── Provided data ──

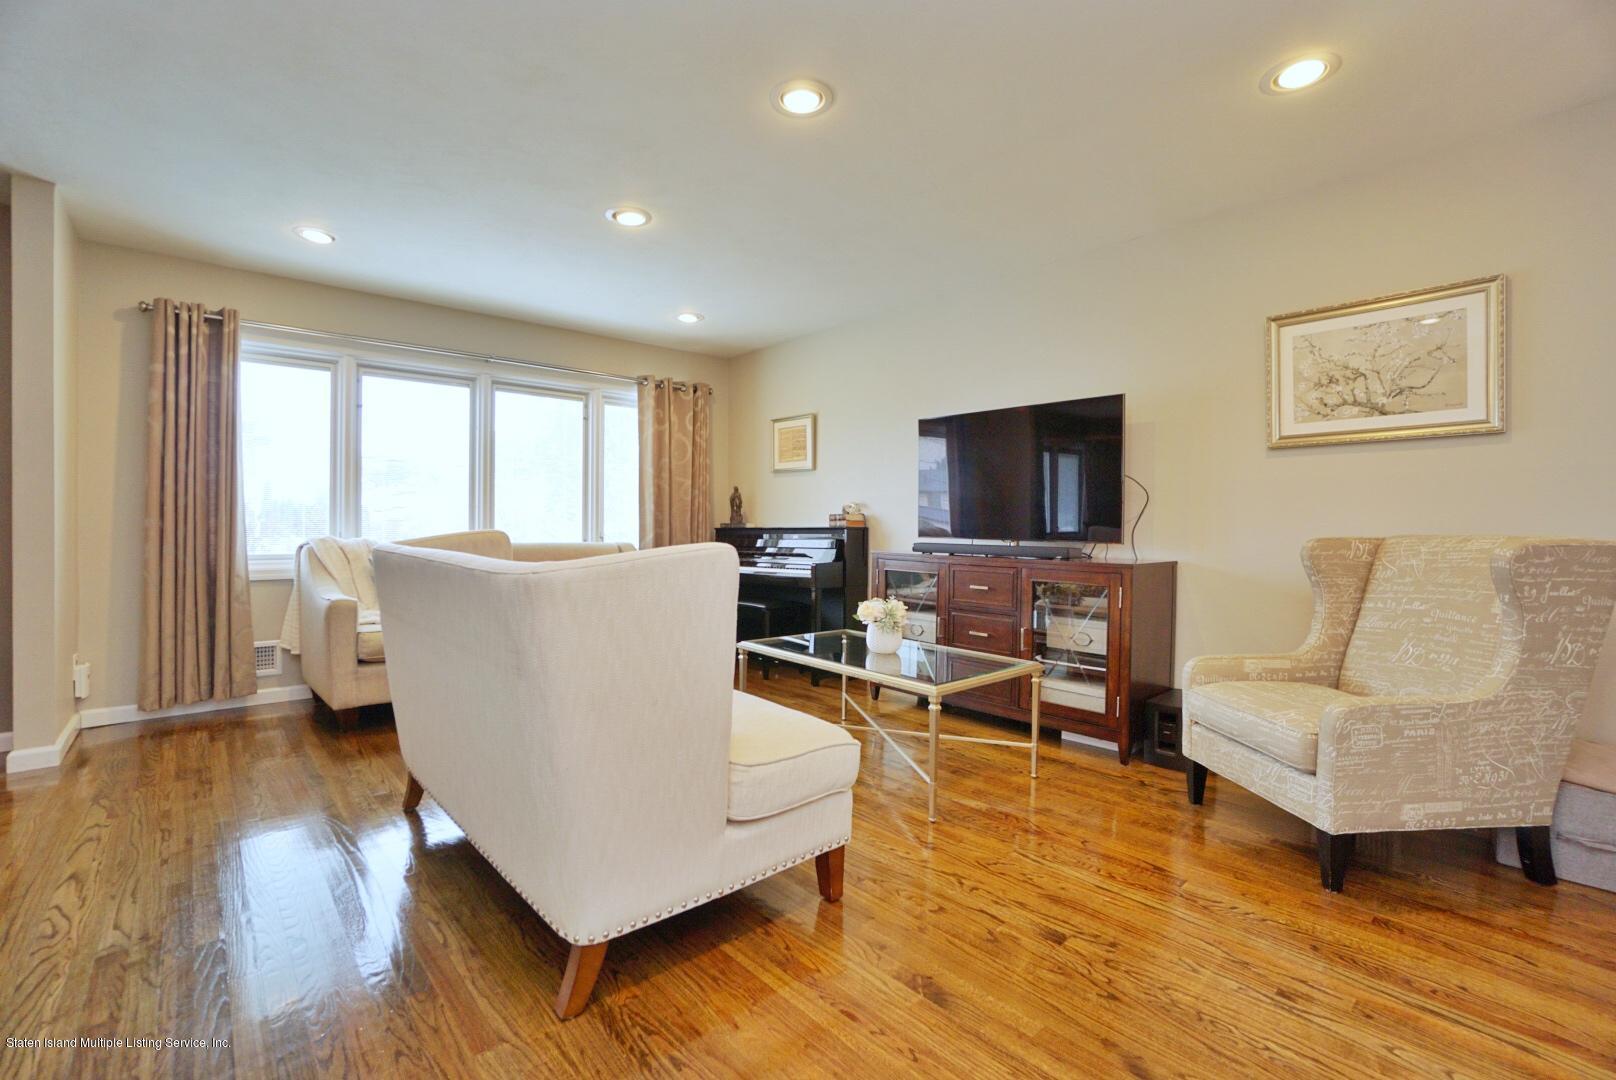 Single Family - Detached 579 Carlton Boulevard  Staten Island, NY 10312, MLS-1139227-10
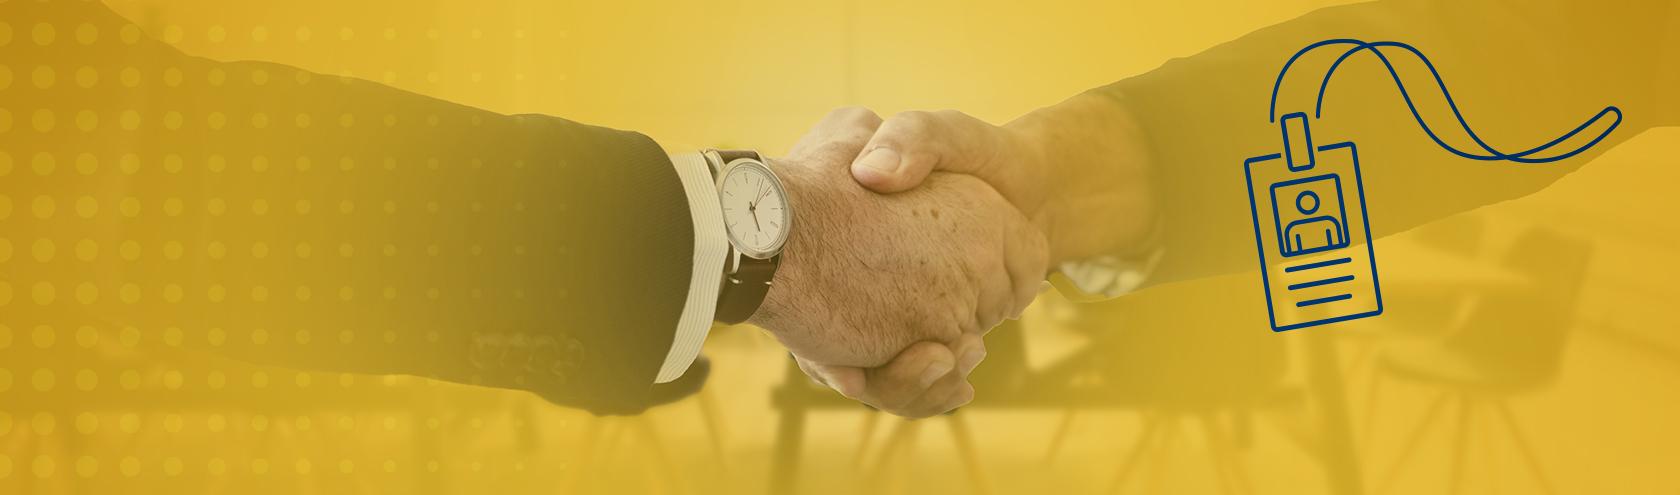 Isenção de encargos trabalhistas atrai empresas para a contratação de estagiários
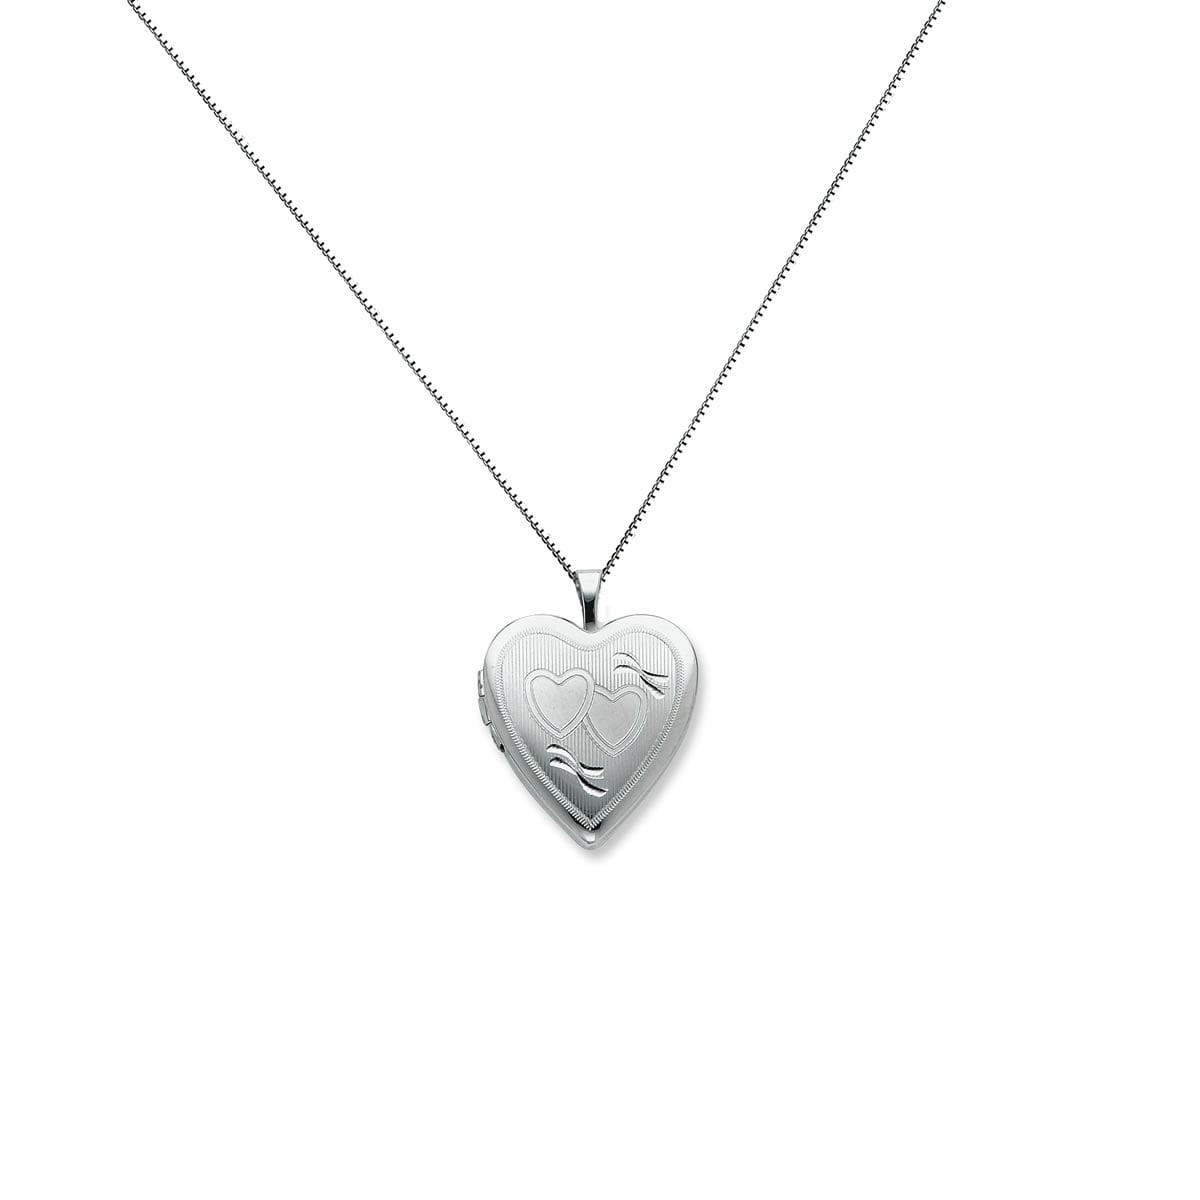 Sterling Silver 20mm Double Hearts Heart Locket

───

**What the exercise asks**:
Every line above goes into the copy unchanged; the pictures do not.

**Answer space**:
 Single Family - Detached 579 Carlton Boulevard  Staten Island, NY 10312, MLS-1139227-10
 Isenção de encargos trabalhistas atrai empresas para a contratação de estagiários
 Sterling Silver 20mm Double Hearts Heart Locket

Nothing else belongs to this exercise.